Team:Austin UTexas/Project/Problem


Problem: Genetic Instability




Background


One of the major issue facing genetic engineering is the overall longevity of genetic devices once inserted into organisms. An organism can be modified, but that does not ensure that the modification will last. Subsequent generations of modified organisms often lose or “break” the genetic device through mutations. Mutations that cause the inactivation of a plasmid or an inserted device decrease the metabolic load of that organism and allow the mutant and its descendants to replicate and grow faster than the originally modified organism, allowing the “broken” mutant to overtake a population. Previous research has determined several factors that contribute to the breaking of genetic devices. A major source is the level of expression and overall metabolic cost of the genetic insert to the organism. Strongly expressed devices will break faster than lower levels of expression; furthermore, a genetic device that leads to a more complex and resource costly protein is more prone to breakage. Another major factor that contributes to generational stability is sequence repeats and homology in the sequence of the genetic device. If a particular sequence contains many short sequence repeats or even large, similar regions, then that sequence risks instability in later generations.



Project and Motivation


The stability of the sequence is the focus of our research over the course of the summer. We wish to identify sequences that contribute to the relative instability of genetic devices so they can be used to predict device longevity, as well as be taken into account when creating and modifying such devices. In the spring of 2015, E. coli was transformed using various fluorescent genes and monitored for breakage, with varying results depending on the plasmid used. Three plasmids were selected from the spring experiment to be used. All three plasmids used the pSB1C3 backbone and the vector BioBrick BBa_K608006, composed of a medium promoter (J23110) and medium ribosome binding site (B0032). Each plasmid then differed by the fluorescent protein used: Yellow fluorescent protein (BBa_K592101), Super-folder Yellow fluorescent protein (BBa_K864100), and Engineered Yellow fluorescence protein (BBa_E0030). The YFP plasmid was to shown, during the spring, was shown to accumulate various insertions and deletions in the YFP gene that would lead to its breakage. The Super-folder YFP plasmid was broken by a large insertion after the promoter sequence that led the breakdown of expression. Finally, the engineered-YFP gene, which was codon optimized from the original YFP sequence, did not accumulate mutations or break over the course of ten days.

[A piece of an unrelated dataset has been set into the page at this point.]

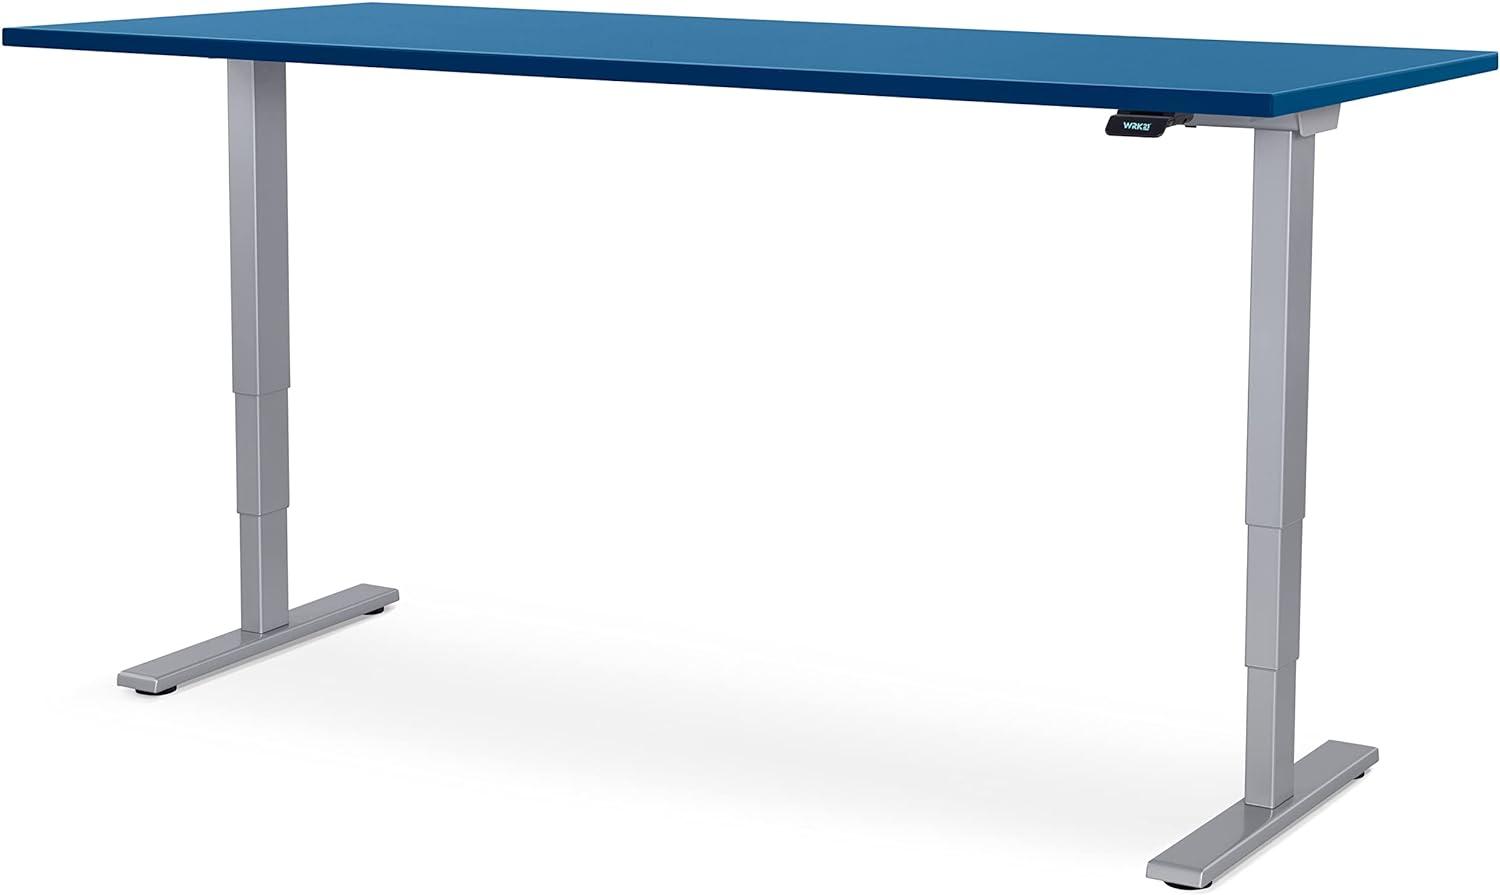 WRK21® SMART Elektronisch höhenverstellbarer Schreibtisch, Holz, Premium Ozean-Blau/Grau, 180 x 80 x 61-126 cm Bild 1

Over the summer, these three plasmids were used to transform four strains of bacteria (Top-10, MDS-42, BL-21 (DE3), BW-25113). Growing these transformed strains in culture and monitoring their fluorescence and stability will hopefully elucidate more regarding patterns in the sequences that contribute to the instability of genetic devices. Understanding this could lead to more stable devices and thus could increase the longevity of genetically modified organisms.